The Looiersgracht (/nl/; Tanners' Canal) is a short canal in Amsterdam, between Prinsengracht (at no. 334) and Lijnbaansgracht (no. 206) in the Jordaan neighborhood of the Amsterdam-Centrum district.
The Looiersgracht borders the Grachtengordel (canal belt).
The Oude Looiersstraat runs parallel to the canal, and the Eerste, Tweede and Derde Looiersdwarsstraat are side streets entering the north side.

==History==

The canal originated when the canal belt was dug south from the Brouwersgracht starting in 1612.
From the outset, the Looiersgracht was predestined for tanneries.
The city council wanted to concentrate these factories in one place due to the highly adverse effects on the environment of local residents.

Due to the city expansion the tanneries, which were still located outside the city in the sixteenth century, gradually came to be within the city limits.
In addition to the Looiersgracht, the Elandsgracht and the nearby Runstraat and the Huidenstraat also derive their names from this traditionally thriving industry around the trade in animal skins.
After being filled in the Oude Looierssloot became the Derde Looiersdwarsstraat.

After 1658, the tanneries expanded on lands east of the Vijzelgracht, as in the Nieuwe Looiersstraat.
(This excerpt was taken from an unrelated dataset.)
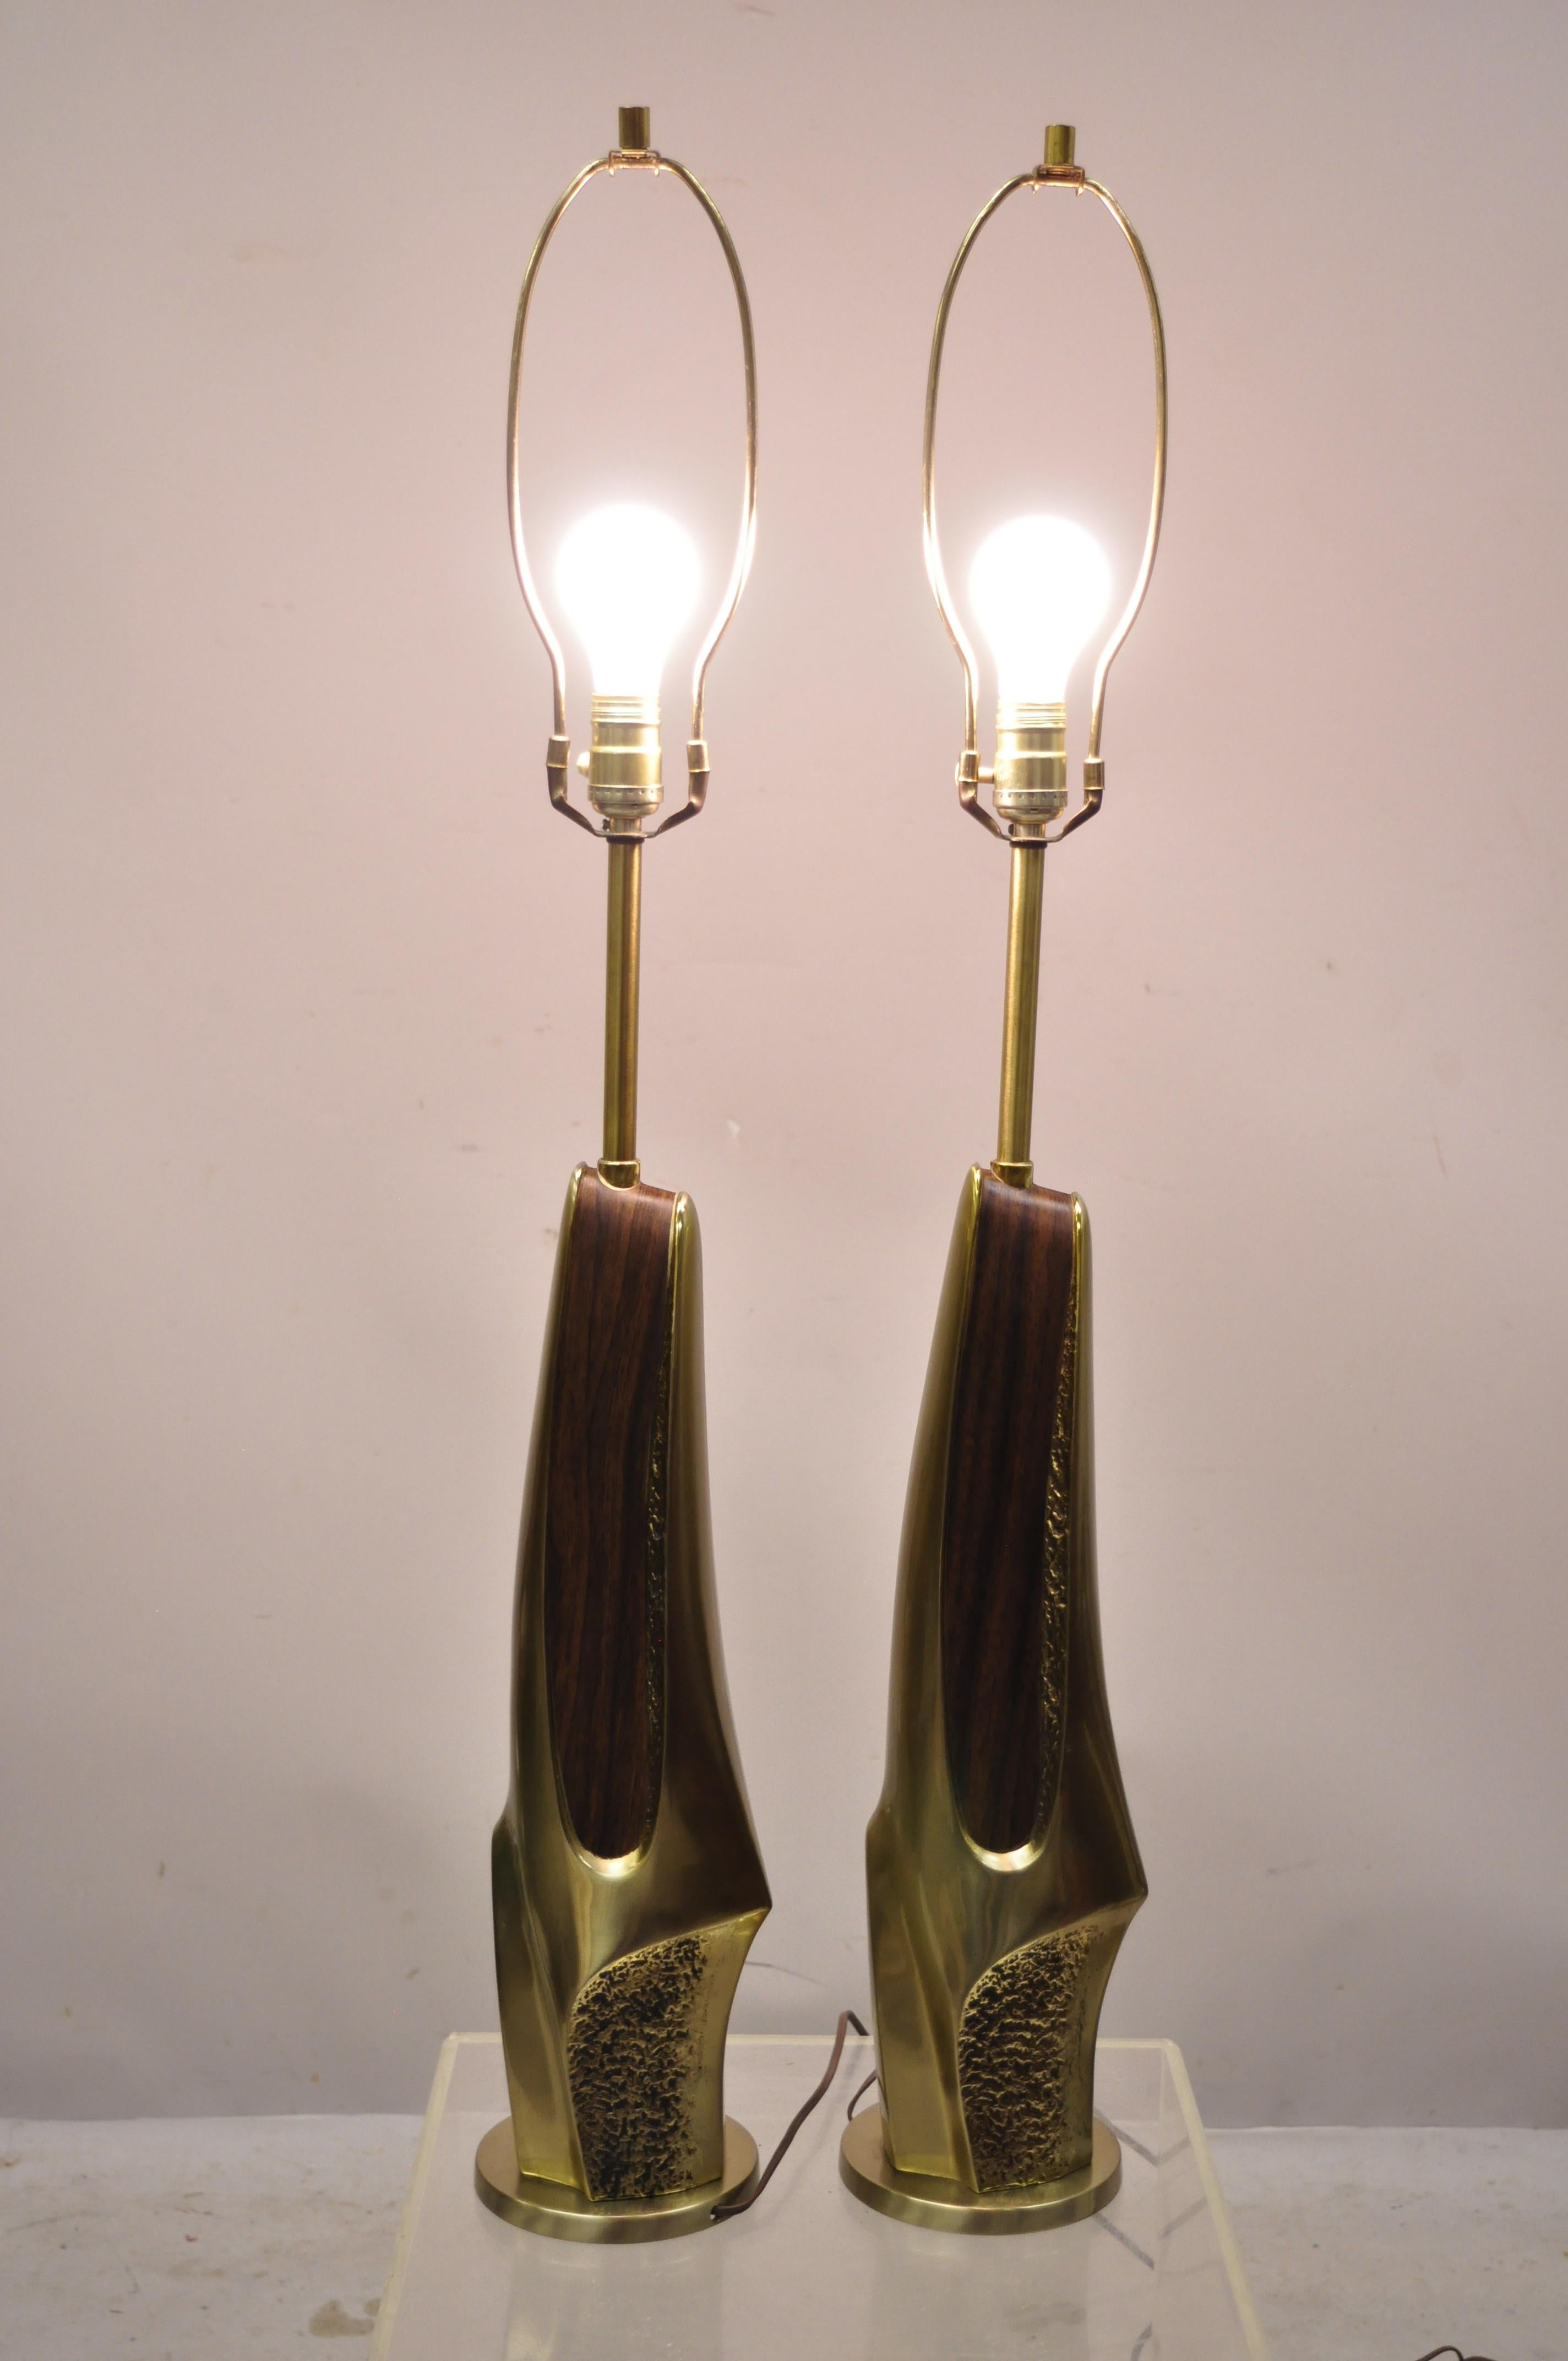 Laurel Mid-Century Modern Brutalist modernist brass sculptural table lamps - a pair. Item features cast brass construction, faux wood accents, very nice vintage item, clean Modernist lines, quality American craftsmanship, circa mid-20th century.

The Nieuwe Looierssloot became the Fokke Simonszstraat after being filled in.

The smelter of silversmith Anthoni Grill (1607–75) for "investigating the content of gold or silver" was established between 1651 and 1661 on the Looiersgracht.

From the early 17th century the "Maze Garden" and image gallery: "The Old Maze" were located on the corner of the Looiersgracht / Prinsengracht.
The amusement park with a maze of green hedges, a water feature and a gallery with mechanically moving images was in operation from before 1625 to 1862.
Here, among other things, one saw images of David and Goliath which could roll their eyes.
The images made by Albert Jansz Vinckenbrinck are now in the Schutters Gallery of the Amsterdam Museum.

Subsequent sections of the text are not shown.